::: Data provided :::

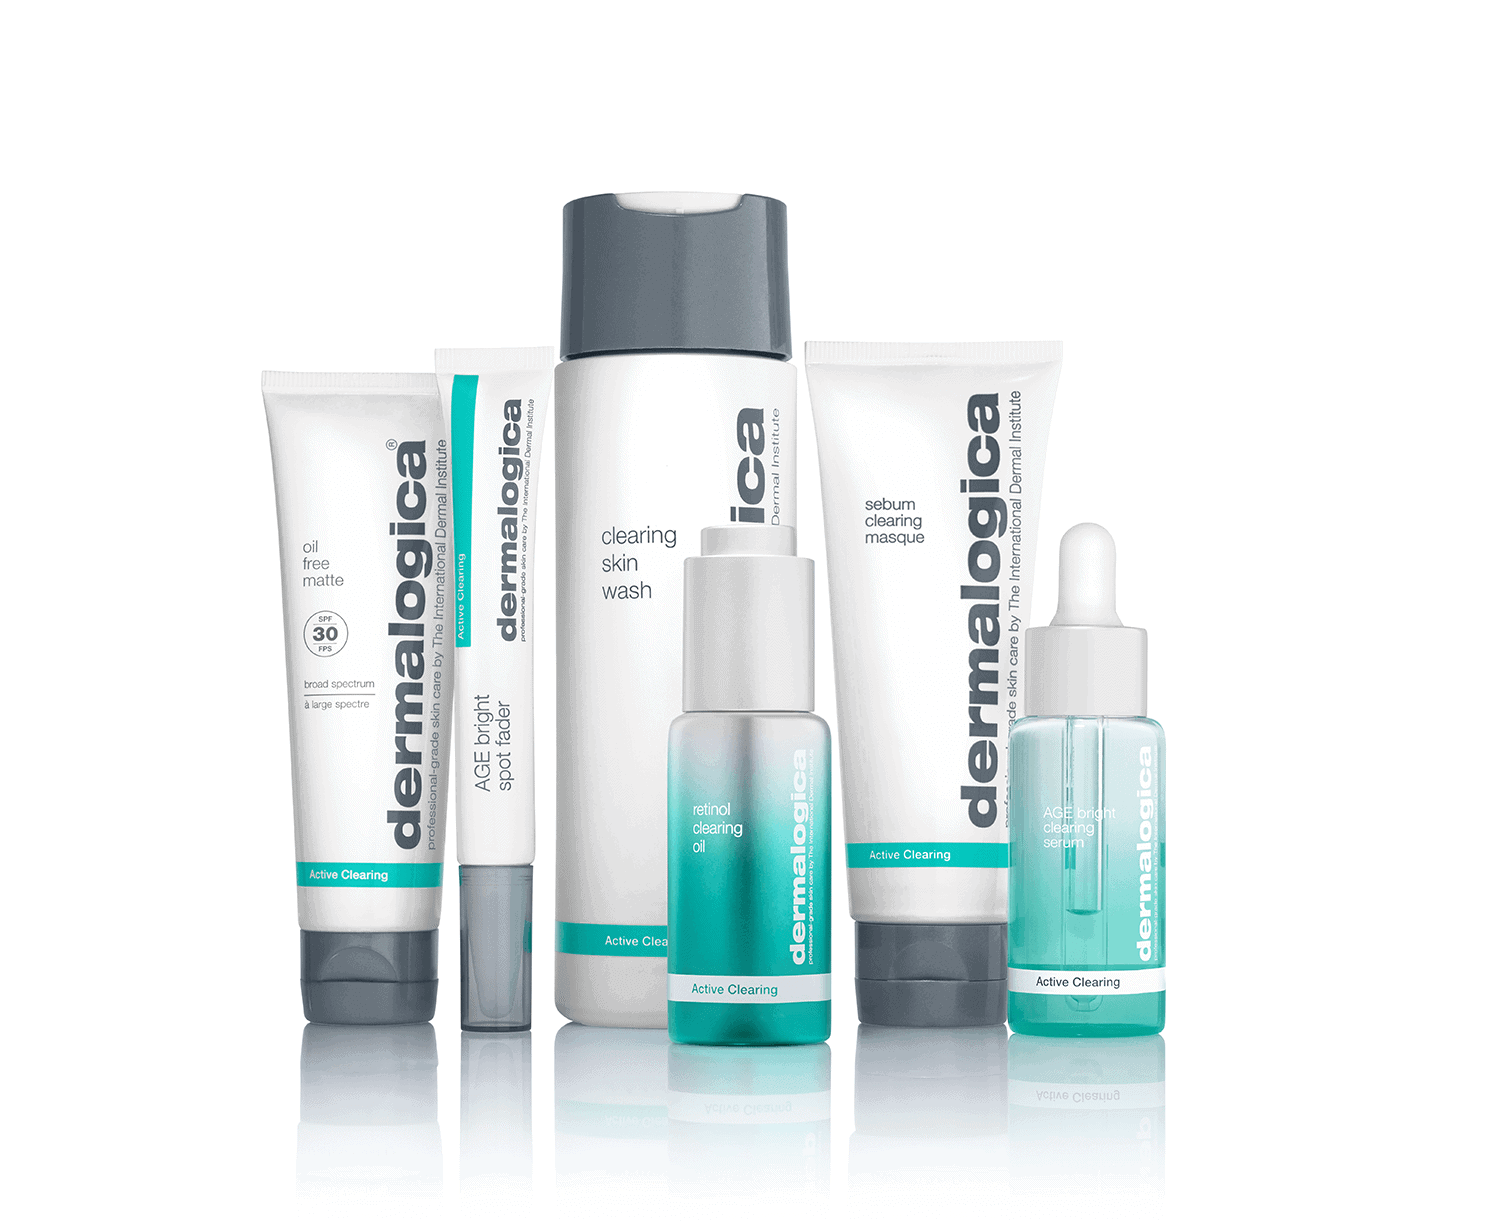 Dermalogica skin care products on a white background.
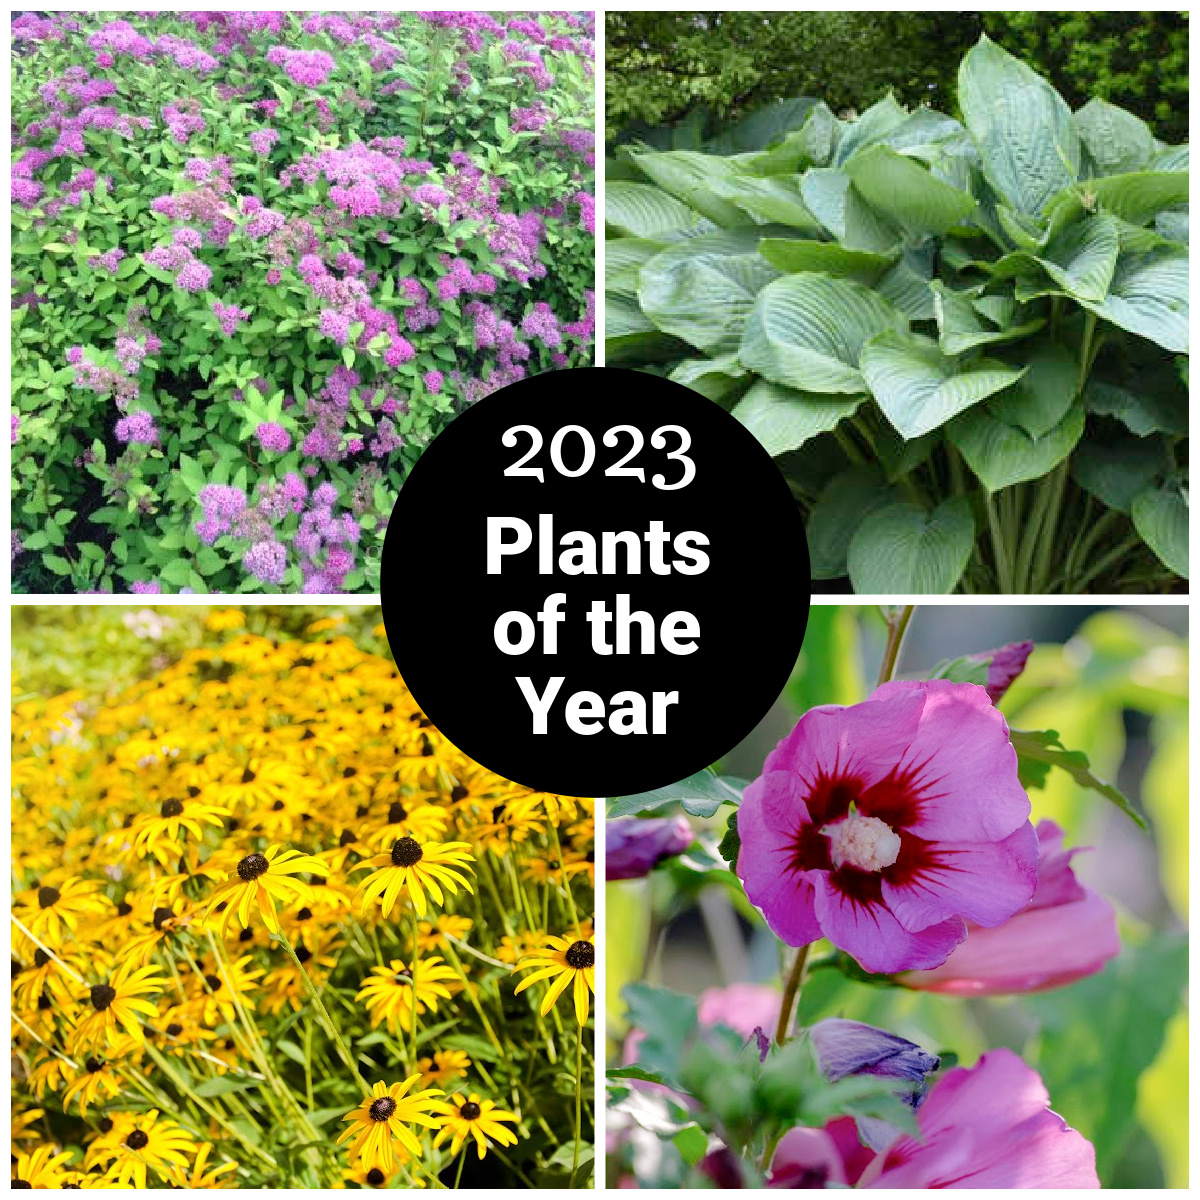 Collage of 2023 plants of the year including spirea, rudbeckia, hosta and rose of Sharon.
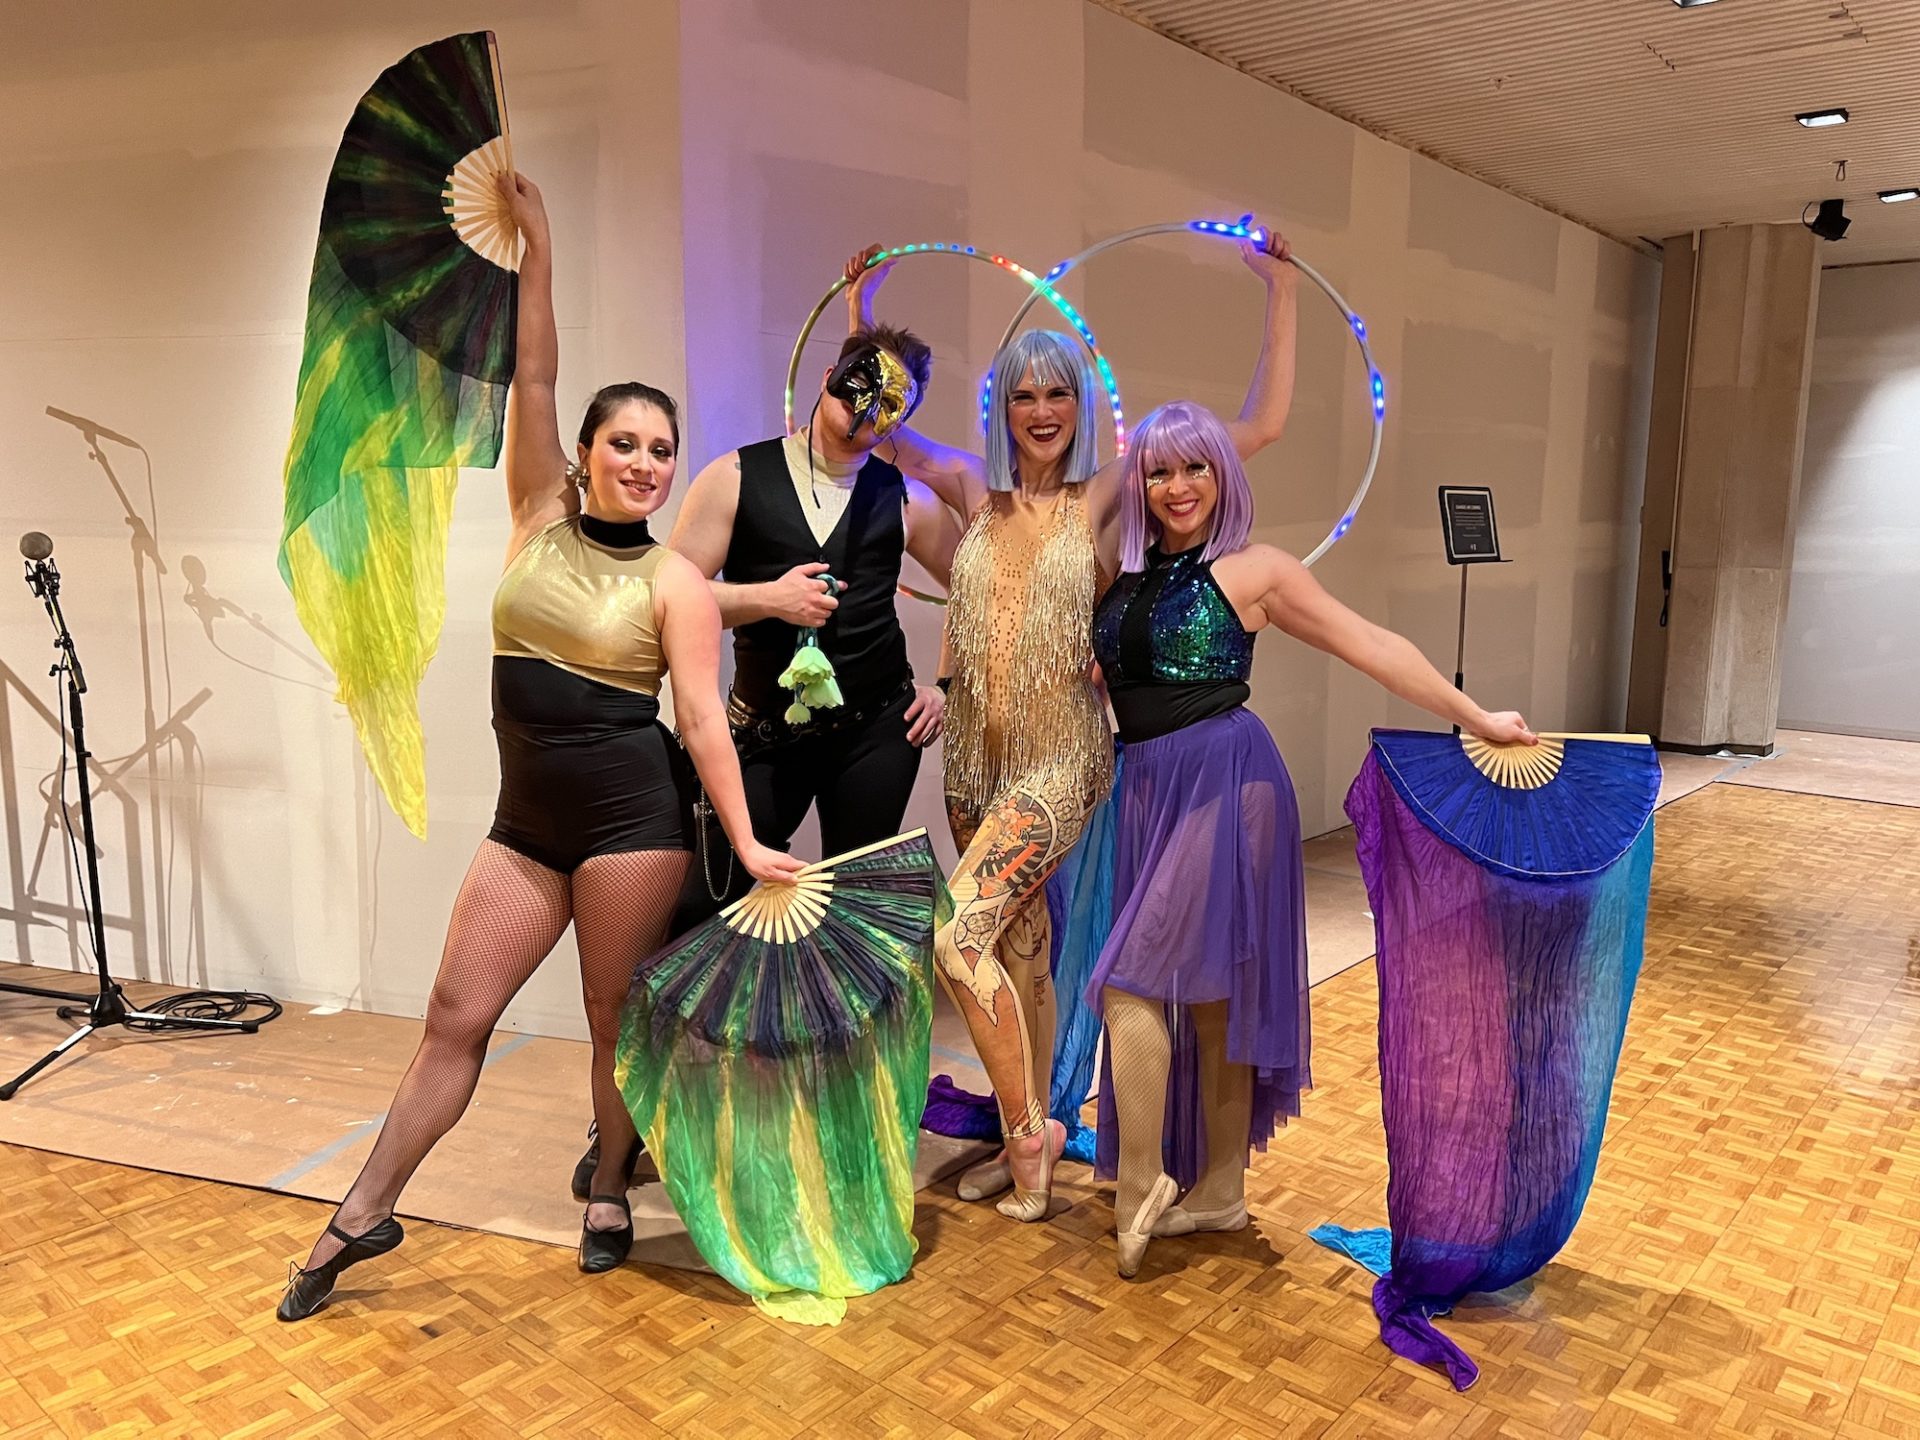 Four performers from Carnaval. Three woman and one man in acrobatics outfits. Two women have fans with fabric and one woman hold two hula hoops above her head.
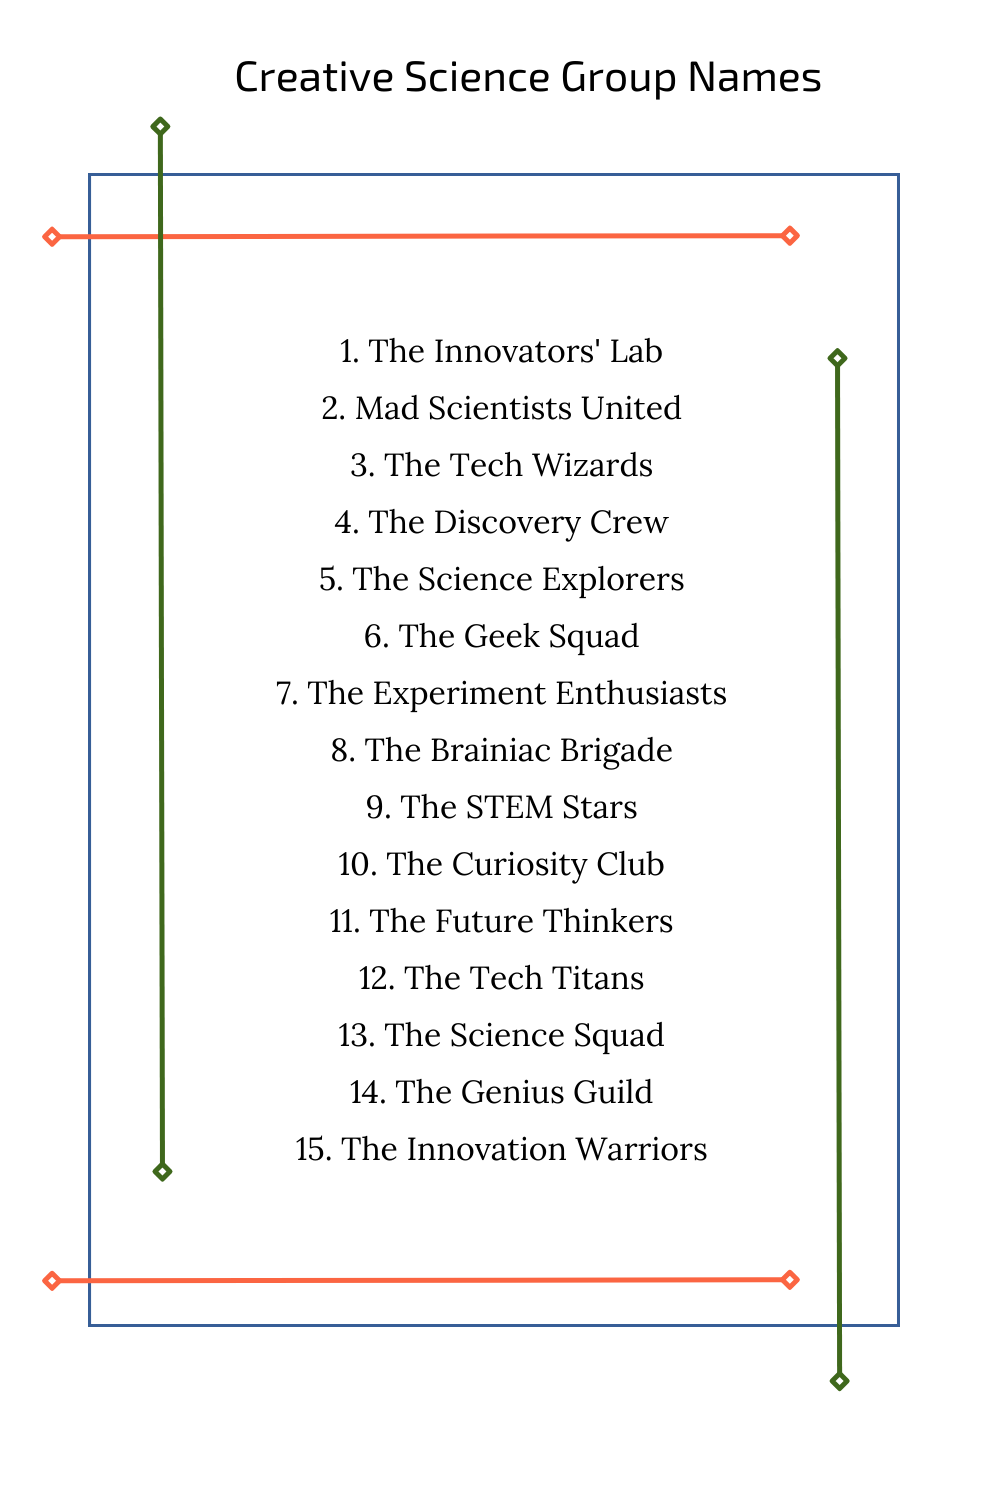 Creative Science Group Names

:::

This exercise calls for the complete listing, returned exactly and without images.

 Dermalogica skin care products on a white background.
 Collage of 2023 plants of the year including spirea, rudbeckia, hosta and rose of Sharon.
 Four performers from Carnaval. Three woman and one man in acrobatics outfits. Two women have fans with fabric and one woman hold two hula hoops above her head.
 Creative Science Group Names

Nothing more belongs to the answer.